However, after watching the fifth Jay and Silent Bob movie, I had an epiphony: I have learned a LOT over the years from these dick and fart joke movies. I don't know how it was possible, being that most of the characters were stoners or idiots, but maybe that is what it takes these days to get through our desensitized population.

Hell, maybe Kevin Smith (and Jason Mews) are just geniuses disguised as stoners. If you don't believe me, read these items below and tell me that you didn't learn something from these creative bastards over the years.

I hope you are ready, because some of these will most likely blow your tiny little minds:

You CAN make a movie for $27,000 - it will just look like Clerks.
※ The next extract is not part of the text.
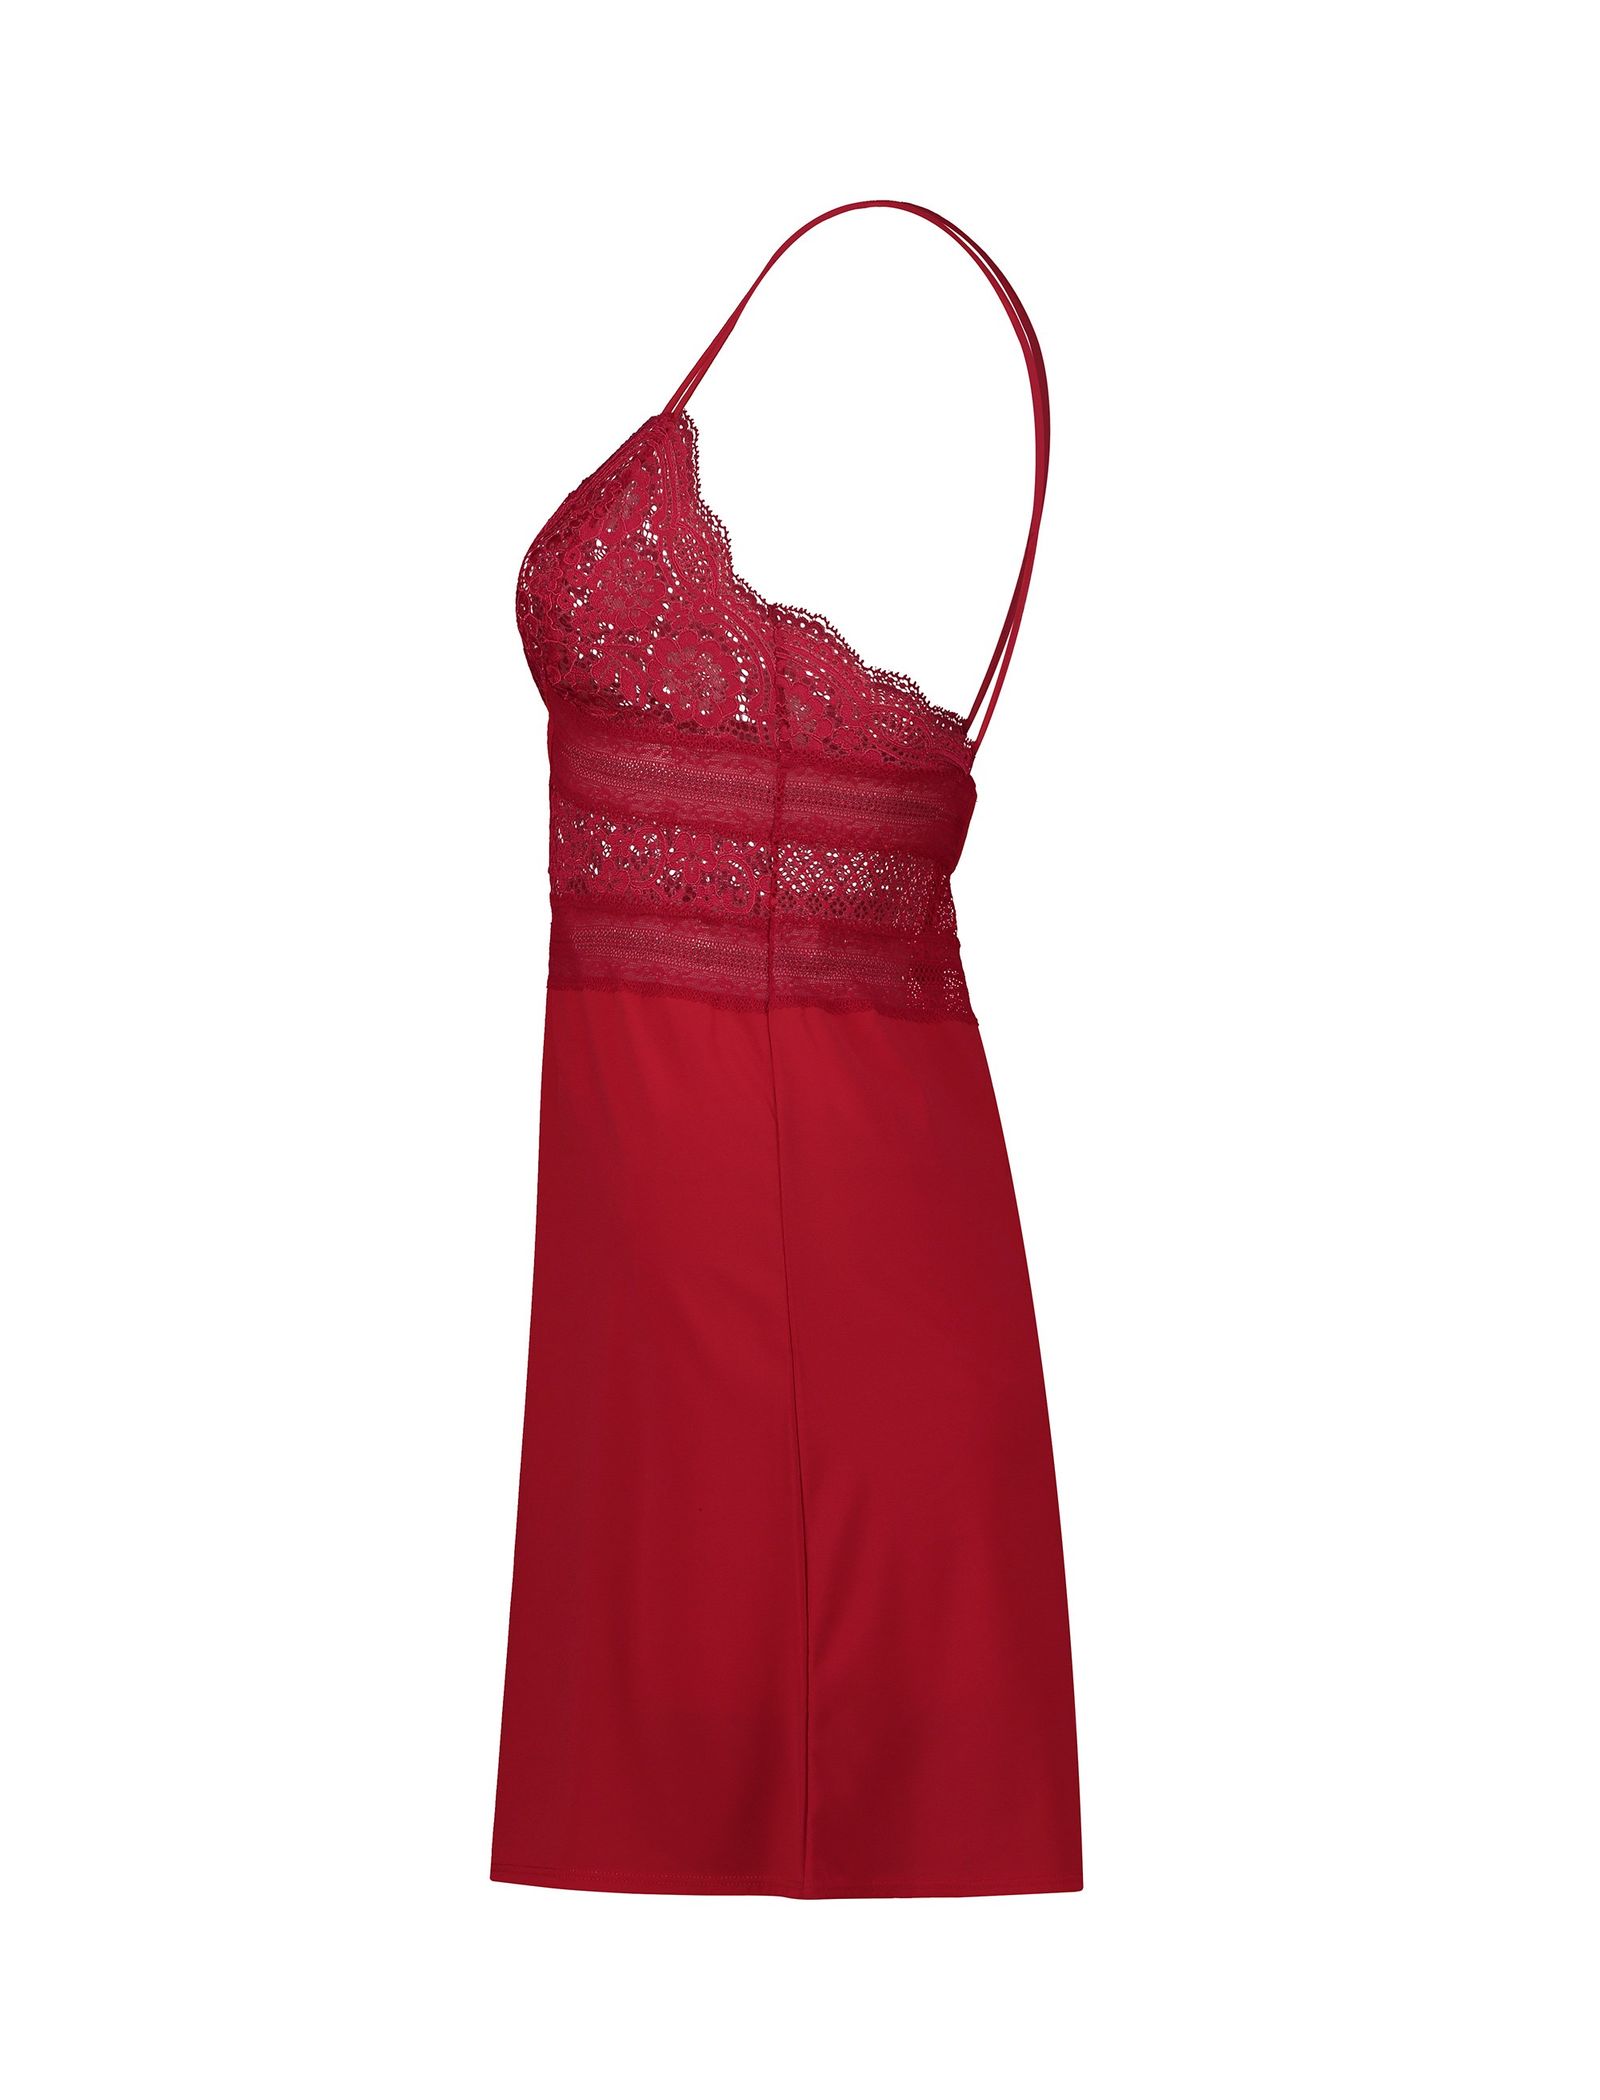 لباس خواب یک تکه زنانه - اتام - قرمز - 4

You NEVER go ass to mouth!

How to make a "Holy Bartender"

Phrases such as "Snoochie Boochies" and "BONG!" are not only useful, they are awesome.

Third nipples = The ability to tell fortunes.

That there are some questions that you just DON'T ask. (You know you wanted to know the end of the story of Brodie's uncle masterbating on the plane while falling to his death).

The Time is one of the best bands ever.

Lion face! GRRR! Lemon face! EEEEKK! Matt Damon and Ben Aflek make fun of themselves better than we can. "Applesauce, bitch!"

Songs can really make or break a movie. I.E. "Goobye Horses" or "fuck, fuck, mother mother, fuck fuck."

The back of a Volkswagon is apparently just as uncomfortable as taking it in the ass.

The ONLY good Aflek movie is Phantom. He really is the bomb in that movie...

How important the Jedi mind trick is when inserting a VHS tape into the tape player.

The word "fuck" is used 228 times in the movie "Jay and Silent Bob Strike Back"

It is ok to have a chimp named Suzanne, as long as it makes a cameo in more than one movie...

The voice of God is too powerful to hear with the human ear. So when you think you hear God, you are actually listening to Professor Snape relaying the information for him. His name is Metatron, and he likes tequila.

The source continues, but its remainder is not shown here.